## Provided material
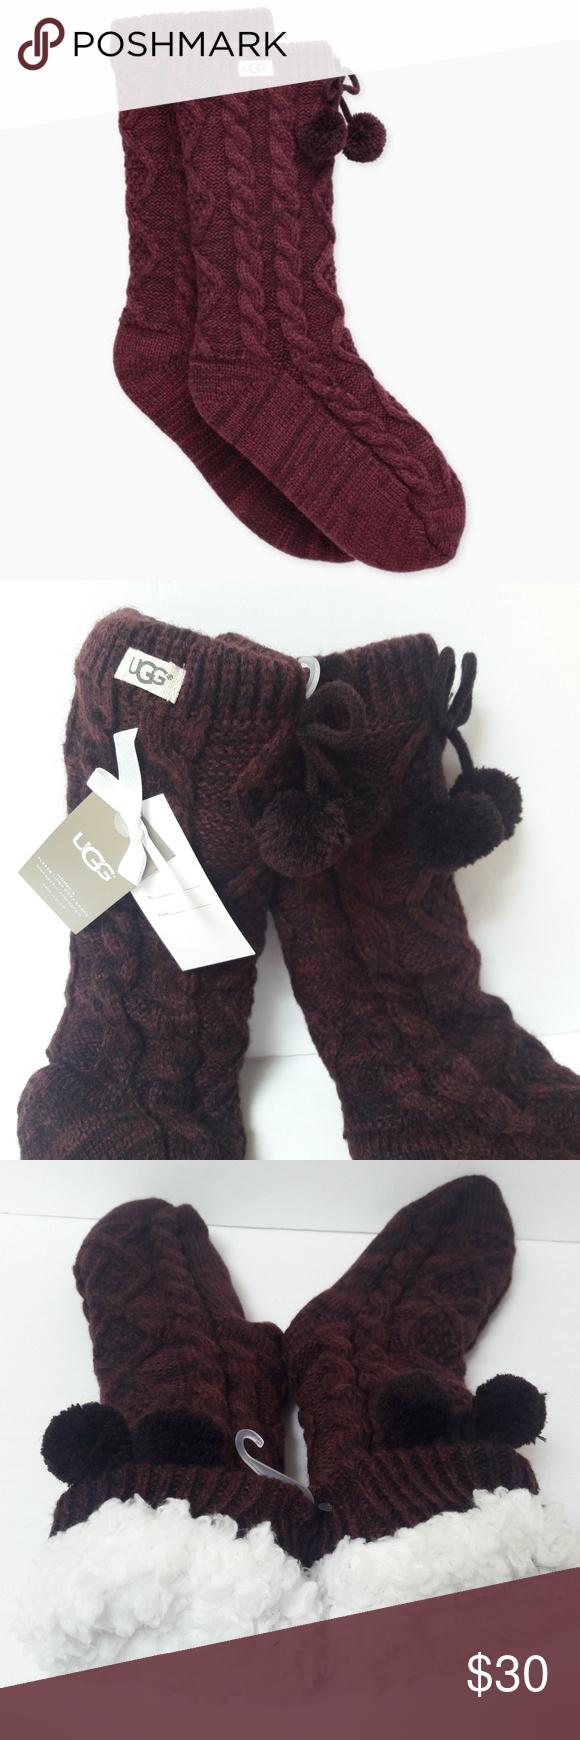 35465fbc82a New Burgundy UGG fleece lined Cozy Socks NWT in 2018 | My Posh Picks ...
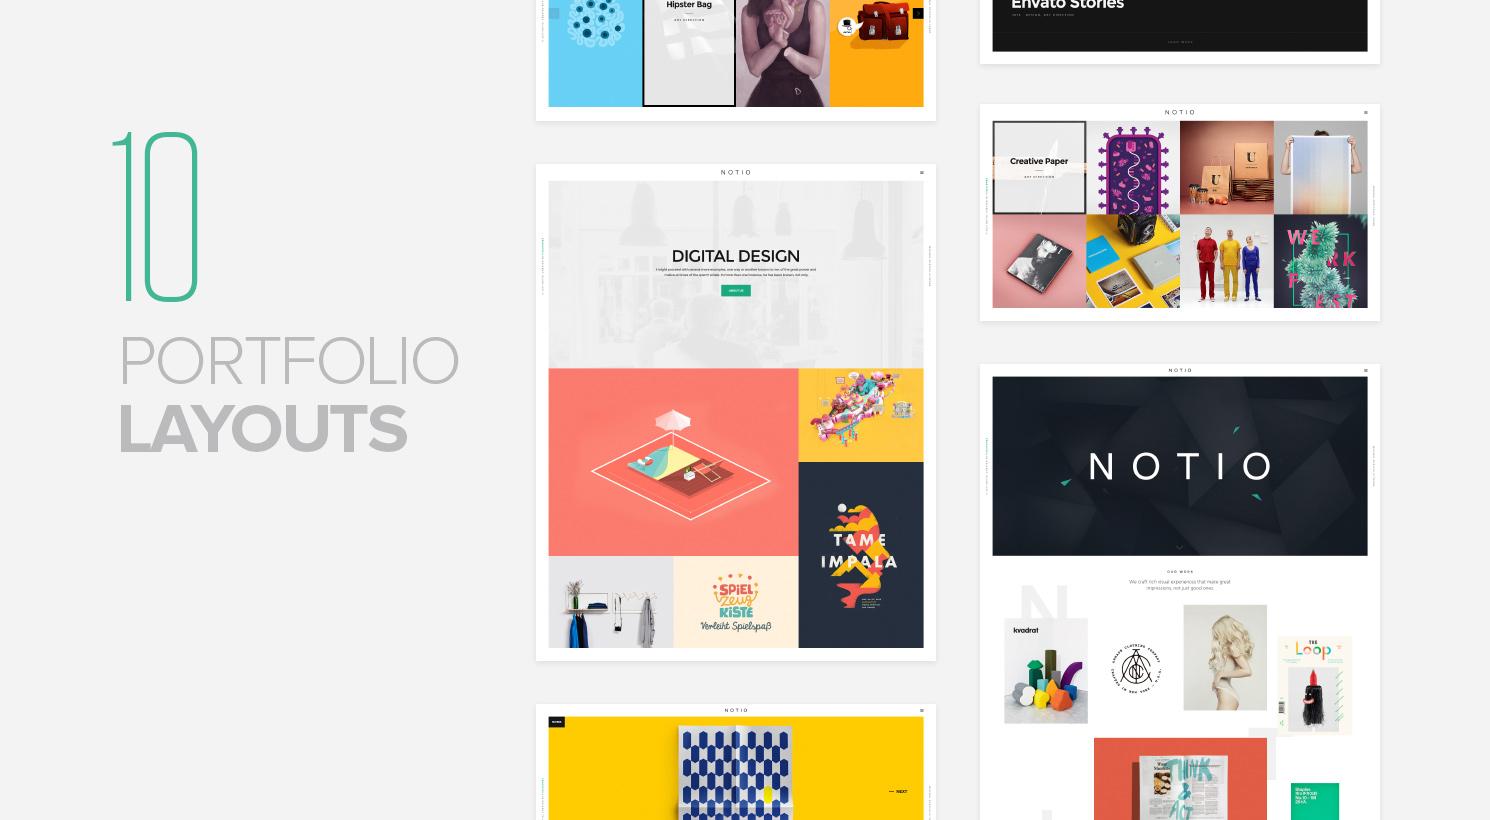 Notio - Deluxe Portfolio Theme
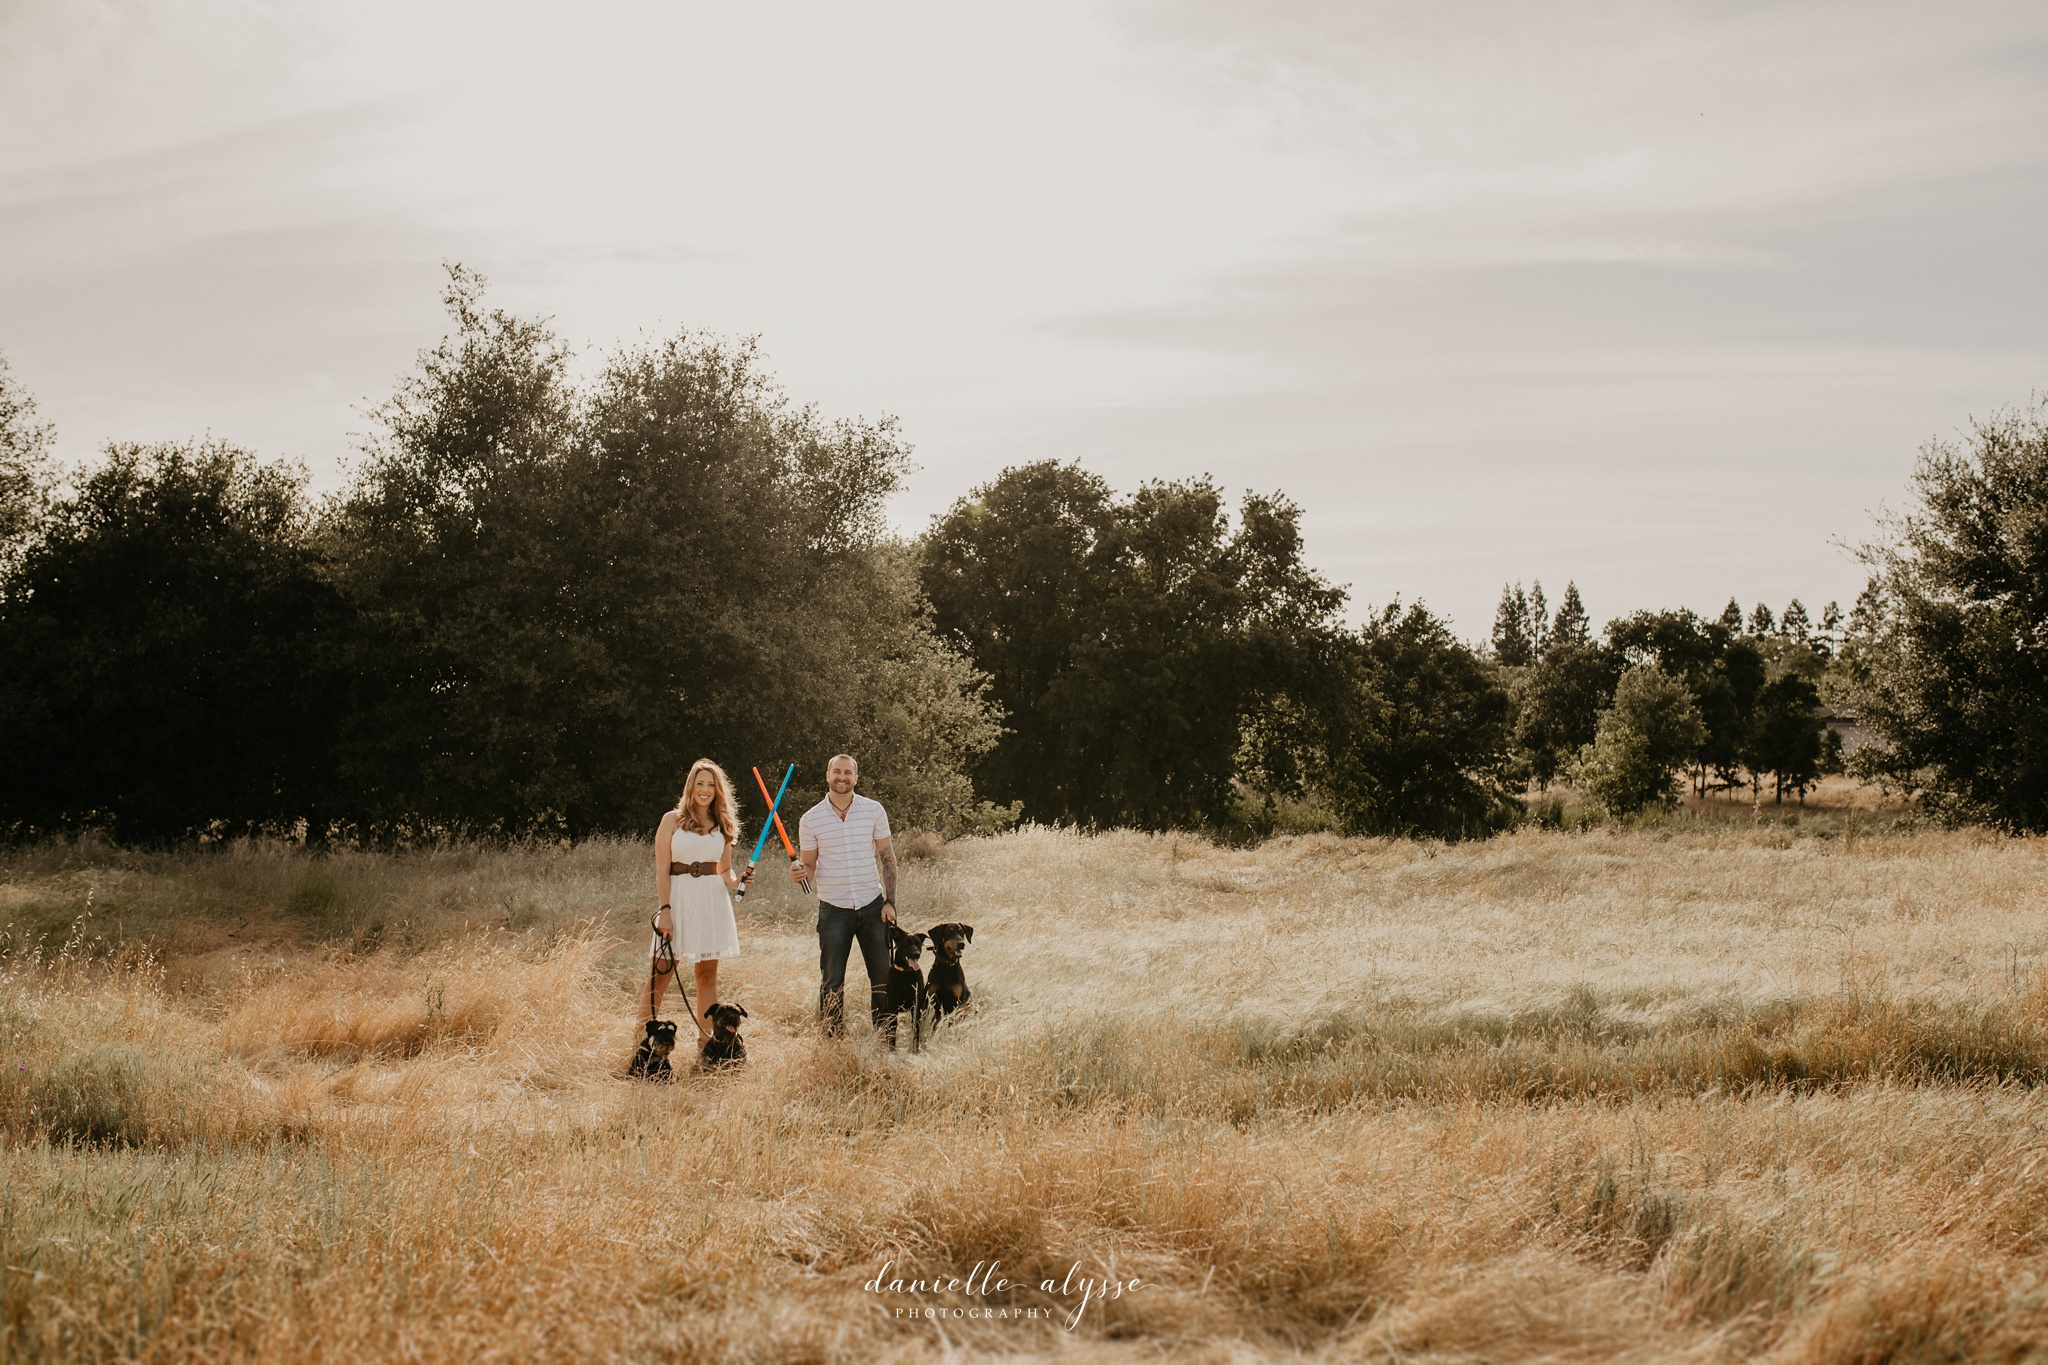 180520_engagement_sarah_jon_dogs_danielle_alysse_photography_elk_grove_photographer_blog_1_WEB.jpg
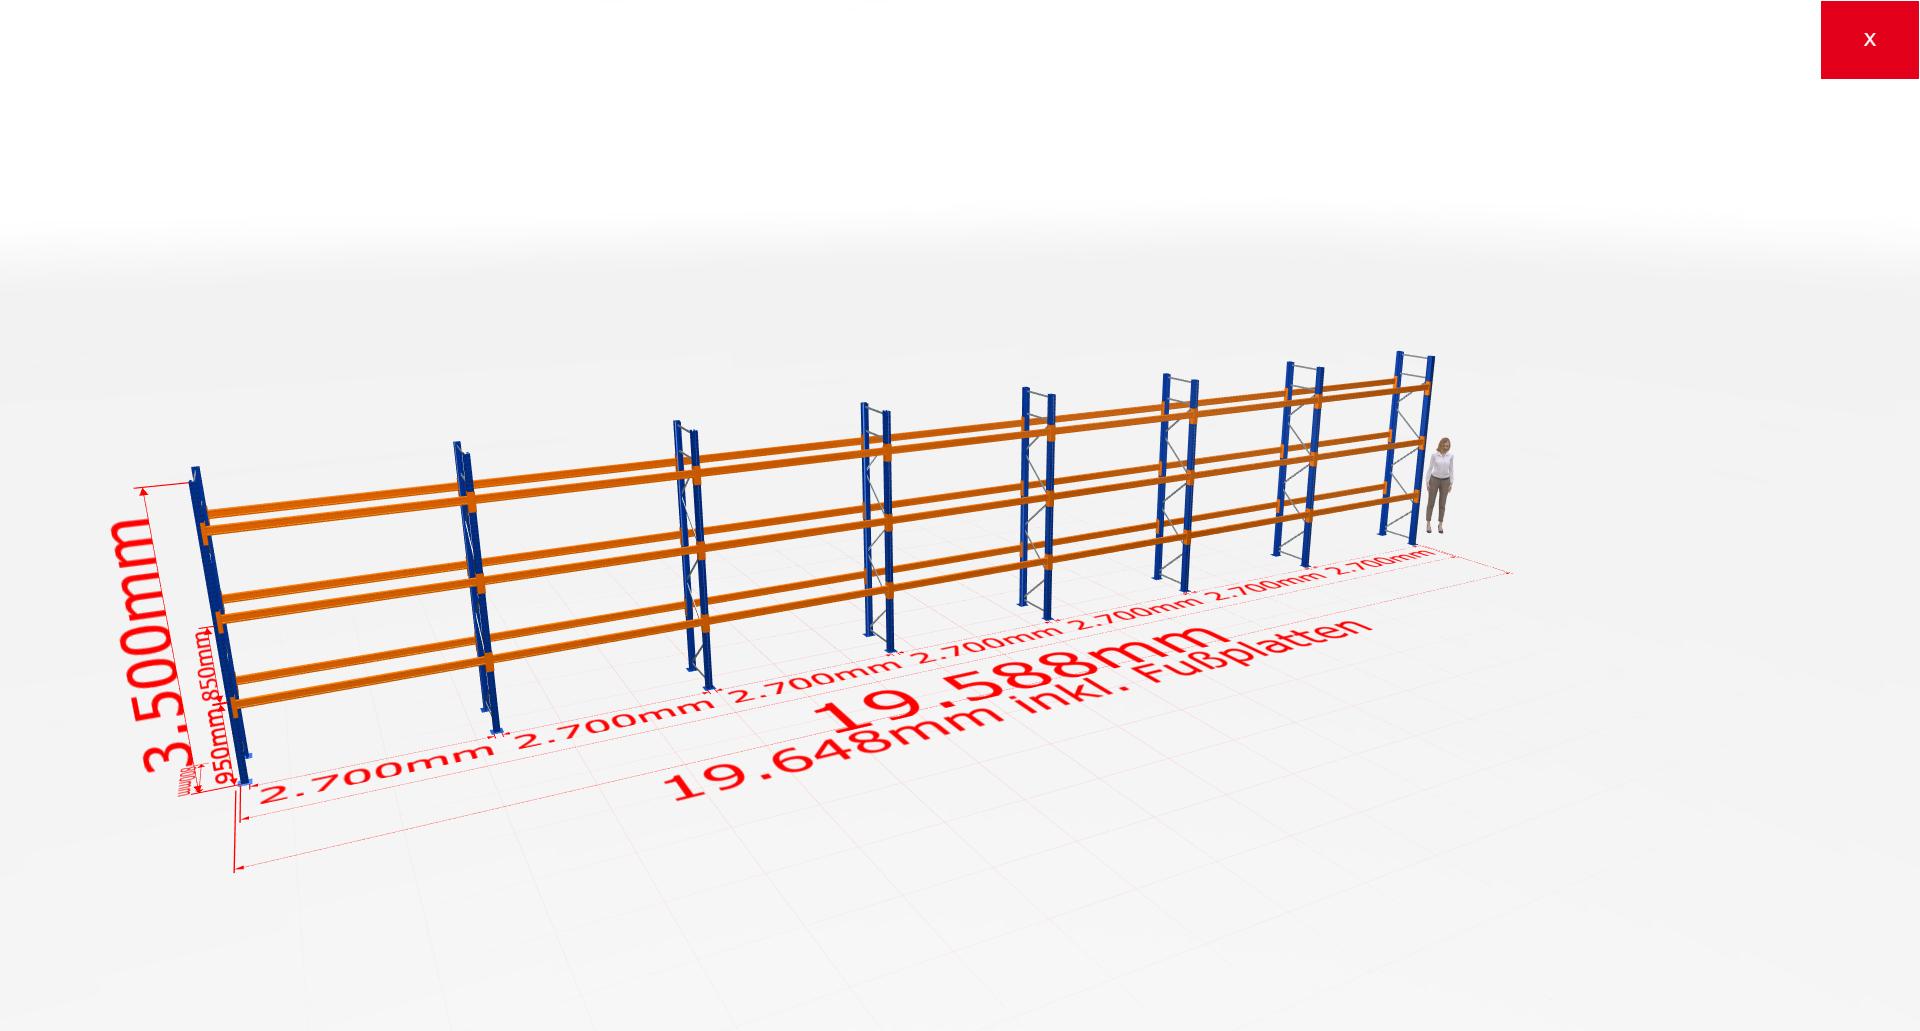 Palettenregal Komplettregal 3500x19588x800 mm (HxBxT) 3 Fachebenen SCHULTE Lagertechnik

## Exercise instructions
Quote everything in the listing above exactly; pictures are the only thing to omit.

## Expected output
 35465fbc82a New Burgundy UGG fleece lined Cozy Socks NWT in 2018 | My Posh Picks ...
 Notio - Deluxe Portfolio Theme
 180520_engagement_sarah_jon_dogs_danielle_alysse_photography_elk_grove_photographer_blog_1_WEB.jpg
 Palettenregal Komplettregal 3500x19588x800 mm (HxBxT) 3 Fachebenen SCHULTE Lagertechnik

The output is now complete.